“There are few better men than my brother, though he is not clever,” she said, and dropped her voice a little. “As to the other, he died in India—beside his mountain gun—long ago.”
“And you have never forgotten? He must have been worth it—I wonder if loyalty and chivalric faith belong only to the past,” said the girl, reaching up a rounded arm and patting her aunt’s thin hand. “And now we will be practical. I fancied the head of the settlement looked worried when he met me, and he is not very proficient at hiding his feelings.”
Miss Barrington sighed. “I am afraid that is nothing very new, and with wheat steadily falling and our granaries full, he has cause for anxiety. Then the fact that Lance Courthorne has divided your inheritance and is going to settle here has been troubling him.”
“The first is the lesser evil,” said the girl, with a little laugh. “I wore very short frocks when I last saw Lance in England, and so far as I can remember he had the face of an angel and the temper of a devil. But did not my uncle endeavor to buy him off, and—for I know you have been finding out things—I want you to tell me all about him.”
“He would not take the money,” said Miss Barrington, and sat in thoughtful silence a space. Then, and perhaps she had a reason, she quietly recounted Courthorne’s Canadian history so far as her brother’s agents had been able to trace it, not omitting, dainty in thought and speech as she was, one or two incidents which a mother might have kept back from her daughter’s ears. Still, it was very seldom that Miss Barrington made a blunder.
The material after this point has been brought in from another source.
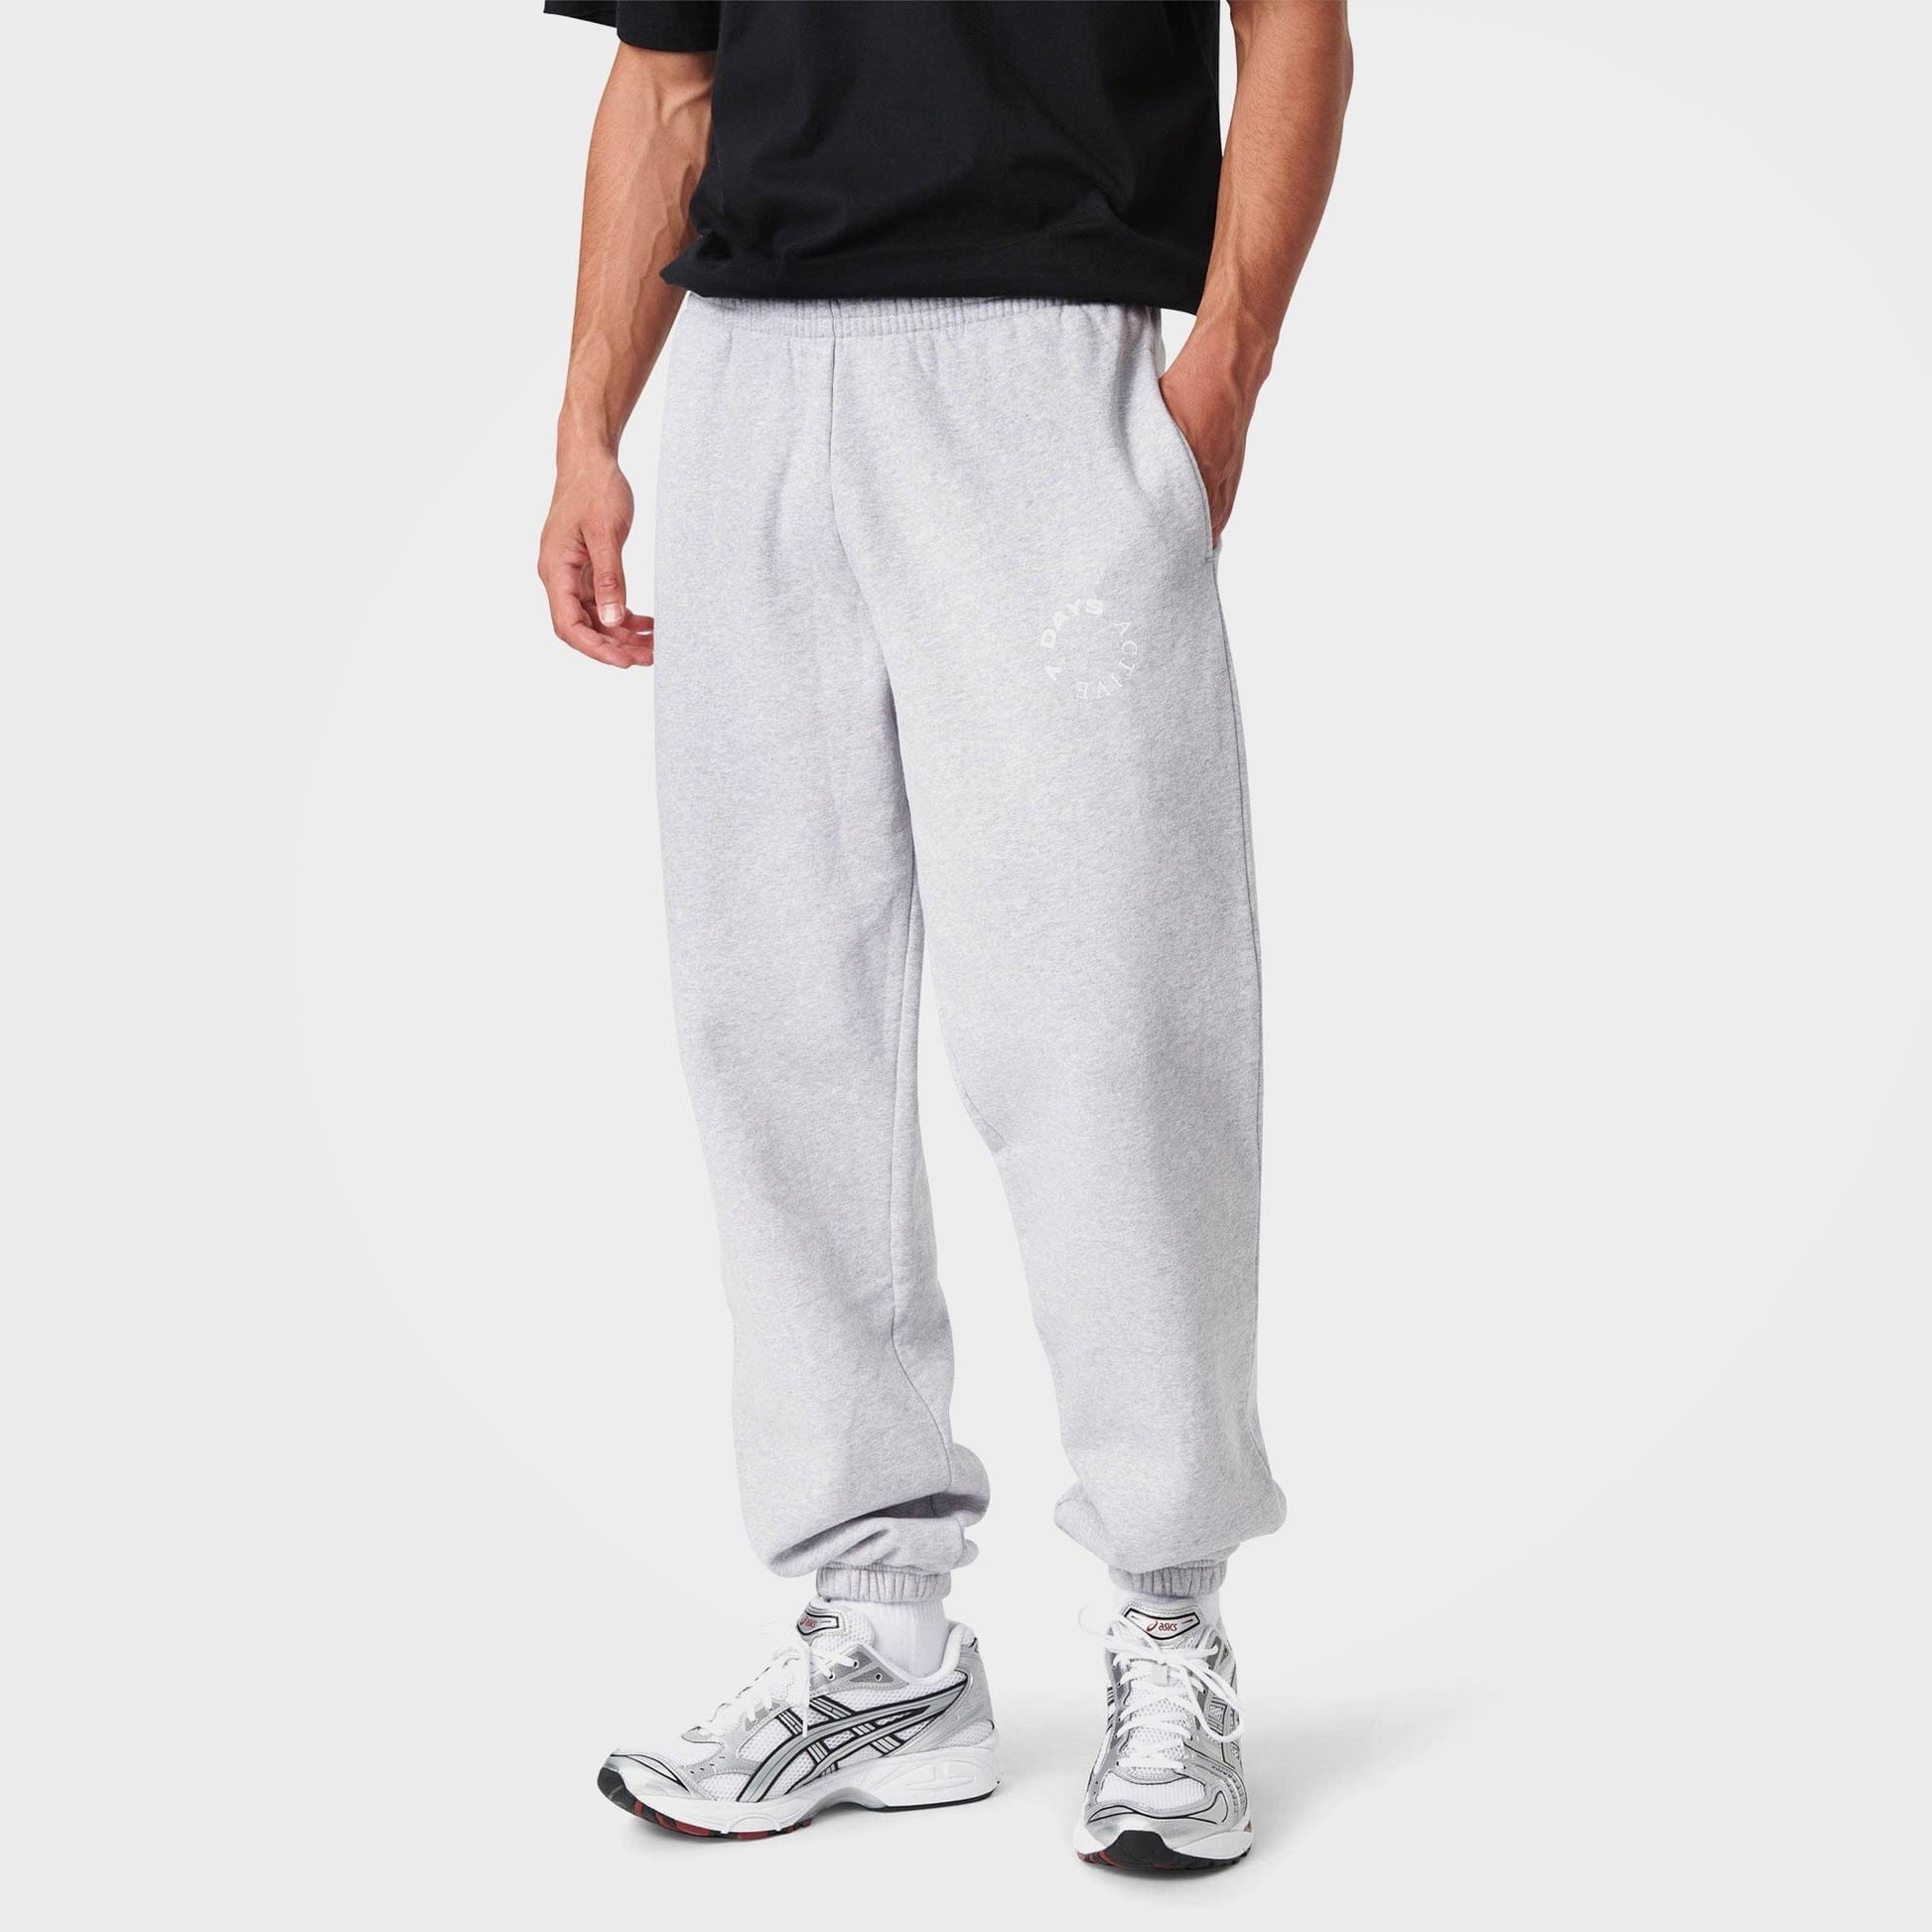 Heather Grey Organic Cotton Sweatpants by 7Days Active

There was a faint pinkness in her face when she concluded, but she was not surprised when, with a slow, sinuous movement, the girl rose to her feet. Her cheeks were very slightly flushed, but there was a significant sparkle in her eyes.
“Oh,” she said, with utter contempt. “How sickening! Are there men like that?”
There was a little silence, emphasized by the snapping in the stove, and if Miss Barrington had spoken with an object she should have been contented. The girl was imperious in her anger, which was caused by something deeper than startled prudery.
“It is,” said the little white-haired lady, “all quite true. Still, I must confess that my brother and myself were a trifle astonished at the report of the lawyer he sent to confer with Lance in Montana. One would almost have imagined that he had of late been trying to make amends.”
The girl’s face was very scornful. “Could a man with a past like that ever live it down?”
“We have a warrant for believing it,” said Miss Barrington quietly, as she laid her hand on her companion’s arm. “My dear, I have told you what Lance was, because I felt it was right that you should know; but none of us can tell what he may be, and if the man is honestly trying to lead a different life, all I ask is that you should not wound him by any manifest suspicion. Those who have never been tempted can afford to be merciful.”